Snippy to find SNP in bacterial DNA seq

Dear all,

I am trying to use Snippy function by Galaxy software. However, I can’t find workflow if I would like to use my own DNA seq file R1 and R2 of WT as reference file to compare with DNA seq of my target bacterial DNA seq. What is the work flow for this case?
Do I need to do Genome Assembly first for my reference DNA seq R1 and R2 using SPAdes? With SPAdes, I can get Scaffolds but not GTF or GFF3 file like the usual reference genome files. Can someone share the workflow for this? Thanks.

Welcome, @ymcr

Is this the tutorial you are trying to replicate with your own data? Microbial Variant Calling

The files we will be using are:

* `mutant_R1.fastq` & `mutant_R2.fastq` - the read files in fastq format.
* `wildtype.**fna**` - The sequence of the reference strain in fasta format.
* `wildtype.**gbk**` - The reference strain with gene and other annotations in genbank format.
* `wildtype.**gff**` - The reference strain with gene and other annotations in gff3 format.

Or, maybe this tutorial? M. tuberculosis Variant Analysis

This one doesn’t involve a reference assembly as a distinct file (fasta aka fna), but it does need a GFF3 and a GBK input. If you decide to create these instead of sourcing from a public repository, then you’ll also need the fasta genome assembly as part of those data prep steps.

If the reference strain is not available, then yes, you could create those three inputs. See the Genome Assembly and Genome Annotation sections of the tutorials. Each includes a workflow that you can import and customize.

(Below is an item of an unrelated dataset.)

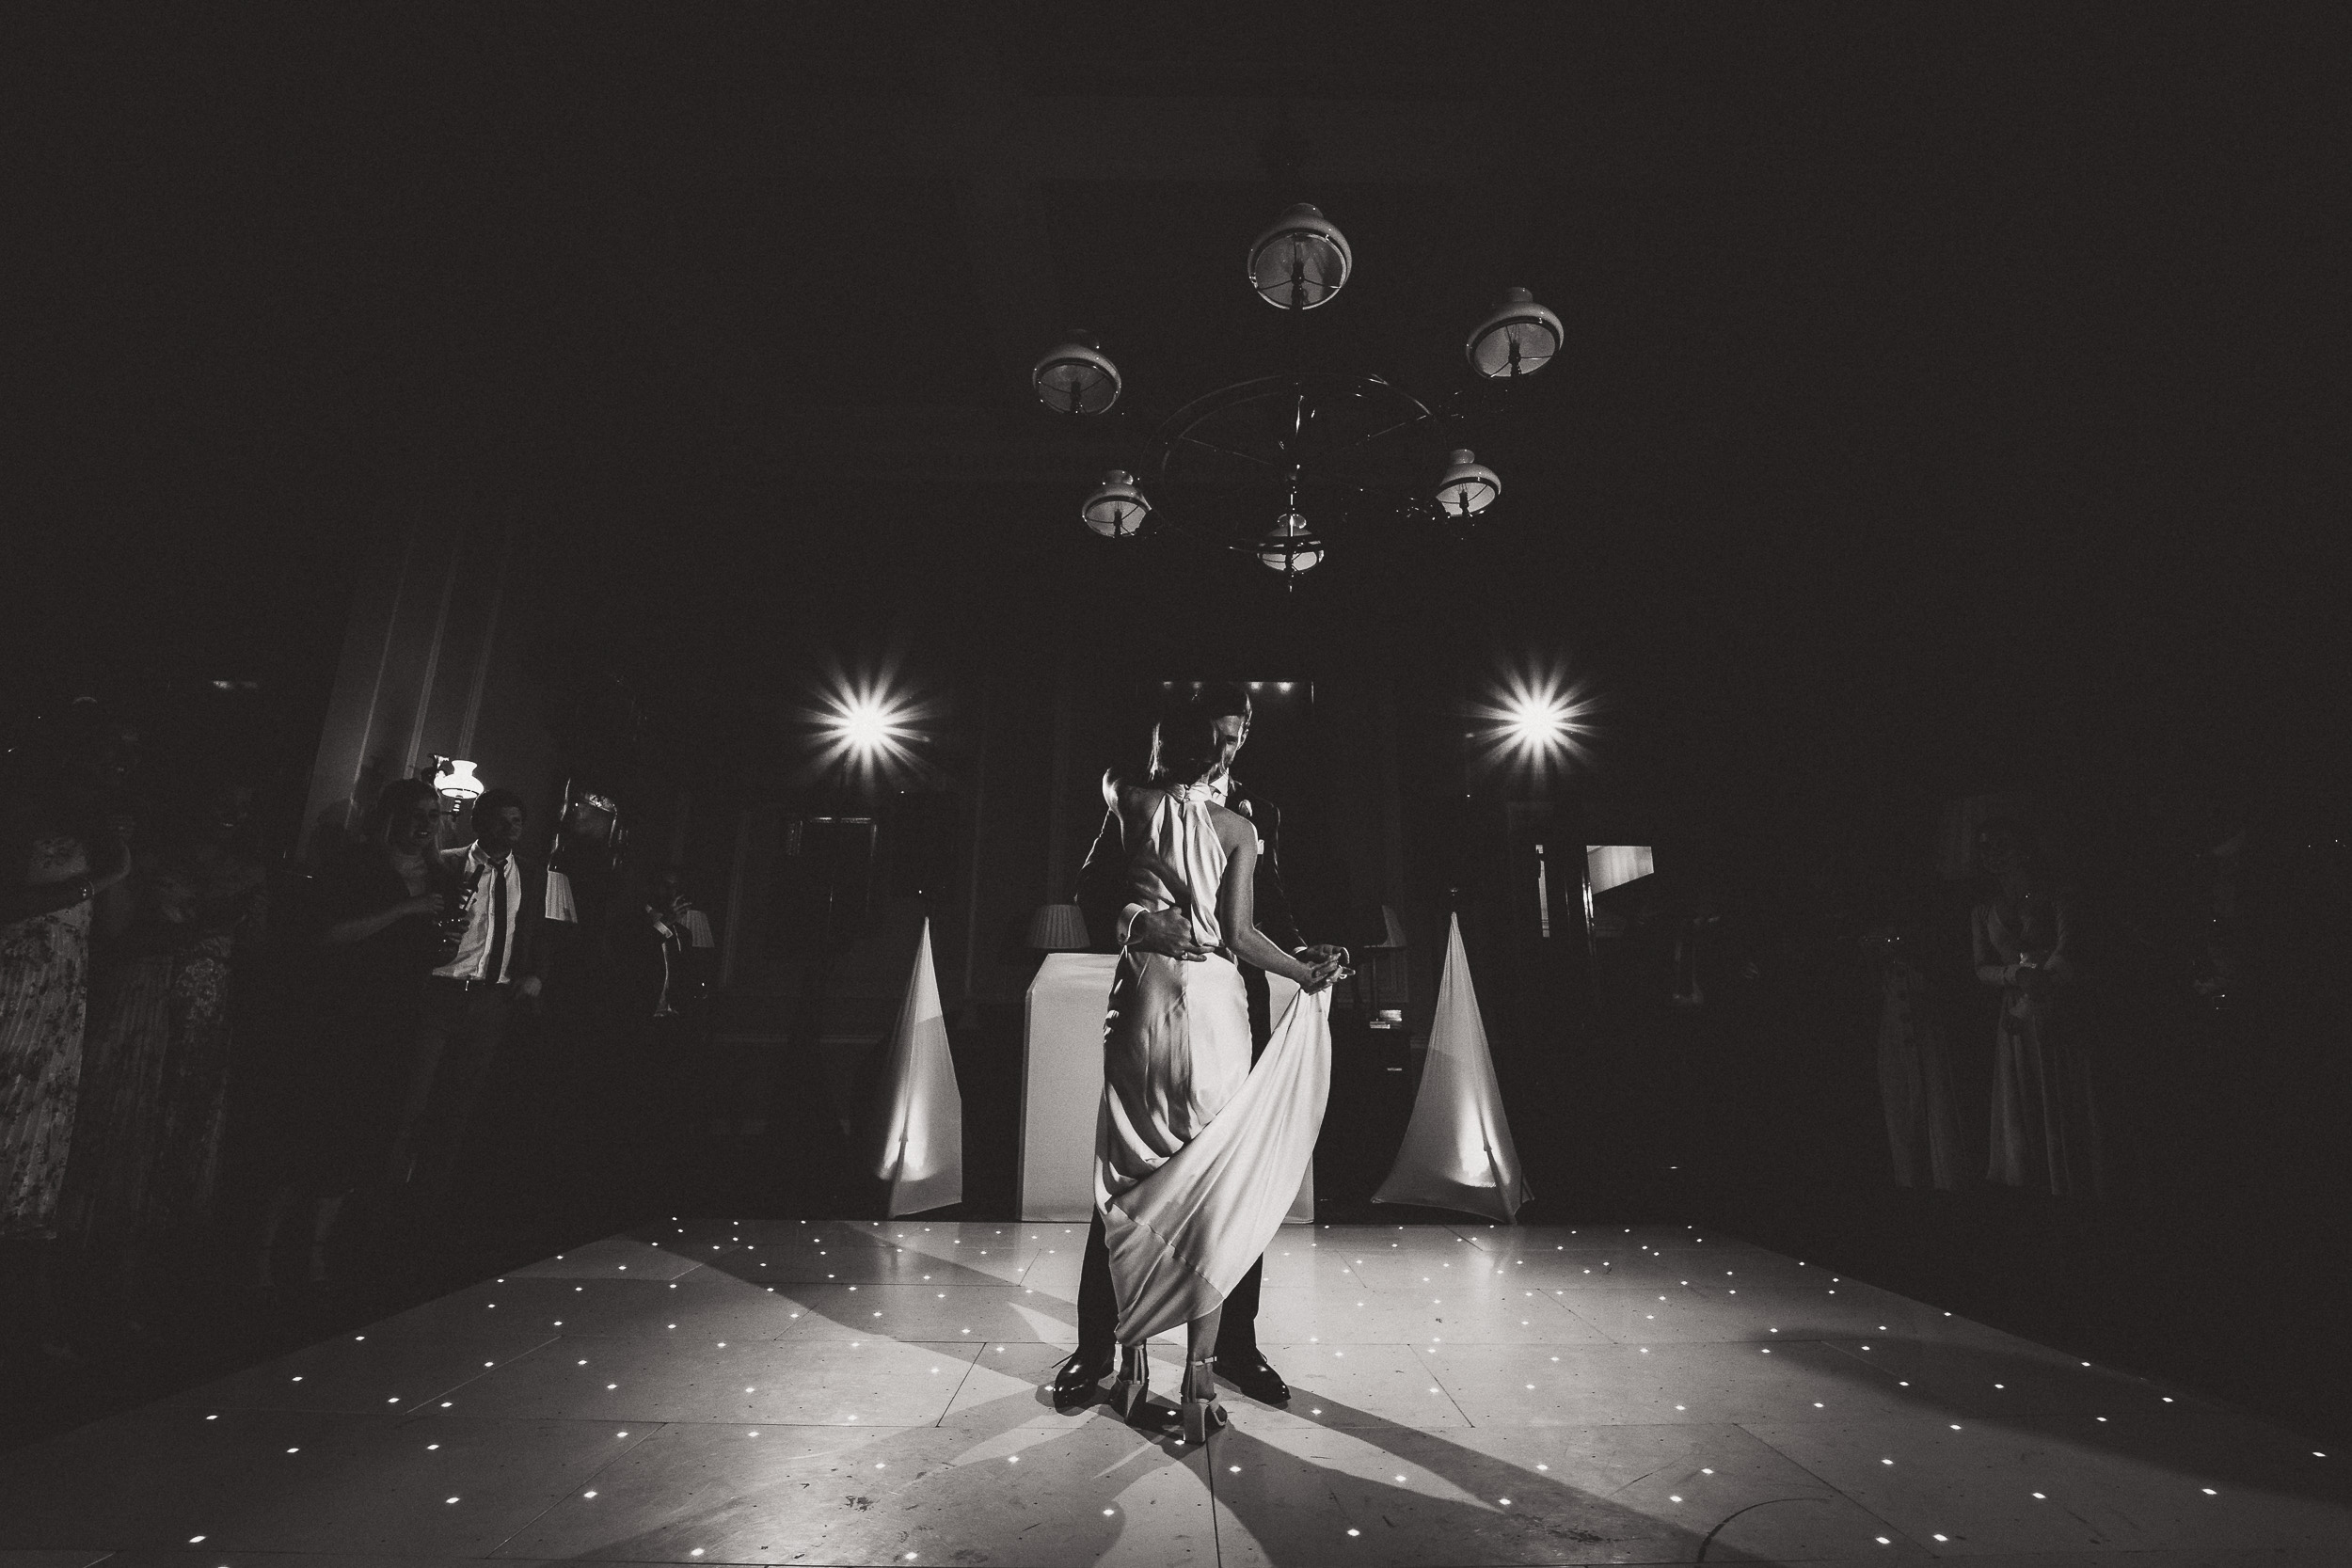 A wedding photo captures a black and white moment of a bride and groom dancing on the dance floor.

Spades or Unicycler for the assembly. Annotating the genome is a distinct step, Prokka is one choice. The tutorials and tutorial workflows cover how to use these – and this forum has much Q&A about troubleshooting. If an error seems novel, you can also ask new questions :slight_smile:

Thank you. Yes, I can try to follow the same workflow for example 1. In this case, I will know SNPs of my test sample, my reference sample WT compared with the reference genome in genbank or gff3 format. Good. Let me try and get back to you if I have any issues. I have a question here, do I need to do FASTQC, Trim adaptor, before running the Nippy?

For method 2, if I need to use my reference sample genome sequence in FASTA format R1 and R2, noted that I need to make genome assembly first. Where can I find workflow for these steps? I am aware that I can use SPAdes to have scaffolds. After that I am not sure what to do further. Can you let me know next steps by using Galaxy software. Thanks.

Hi @ymcr

Those are big questions with many technical details. The GTN tutorials would be a good place to start.

Click into the link for the other tutorials and do one of these:

  1. Search with tool names or datatypes
  2. Navigate by tutorial topic domains

Domains/keywords for your use-case would probably include:

  • assembly
  • genome annotation
  • quality
  • single-cell (possibly? you can review – the quality tutorials explain how to learn the read type)

And, the training event we just hosted (over now) has suggested pathways for general and specific purposes. The materials are always available. This means you can work through these at your own pace anytime. Don’t skip the collections and workflows portions – these will make analysis life MUCH more fun. Smörgåsbord 2023

Hi Jennaj,

Thank you. I have done accordingly and completed assembly, genome annotation to my WT DNA seq FASTQ file (R1 and R2).
SNPS table shows data from column 1 to 6. However, I see only empty from column 7 to 14 (FTYPE STRAND NT_POS AA_POS EFFECT LOCUS_TAG GENE PRODUCT). Why is that so? However, when I use reference genome from genbank (gbff), all data are appeared from column 1 to 14. Could you pls let me what should I do to get snps data from column 7 to 14 although i am using my own reference WT genome to find snps in target sequence. Thanks.

Oh I tried with Prokka data gbk and now I can see data from the column 7 to 14. Noted that I can’t get data for column 7 to 14 if I use Prokka data gff or fna. Is this true?

Yes. Tool can only parse and do manipulations on data that you provide, or that they generate themselves. Maybe take a closer look at these different file formats to better understand what each contains?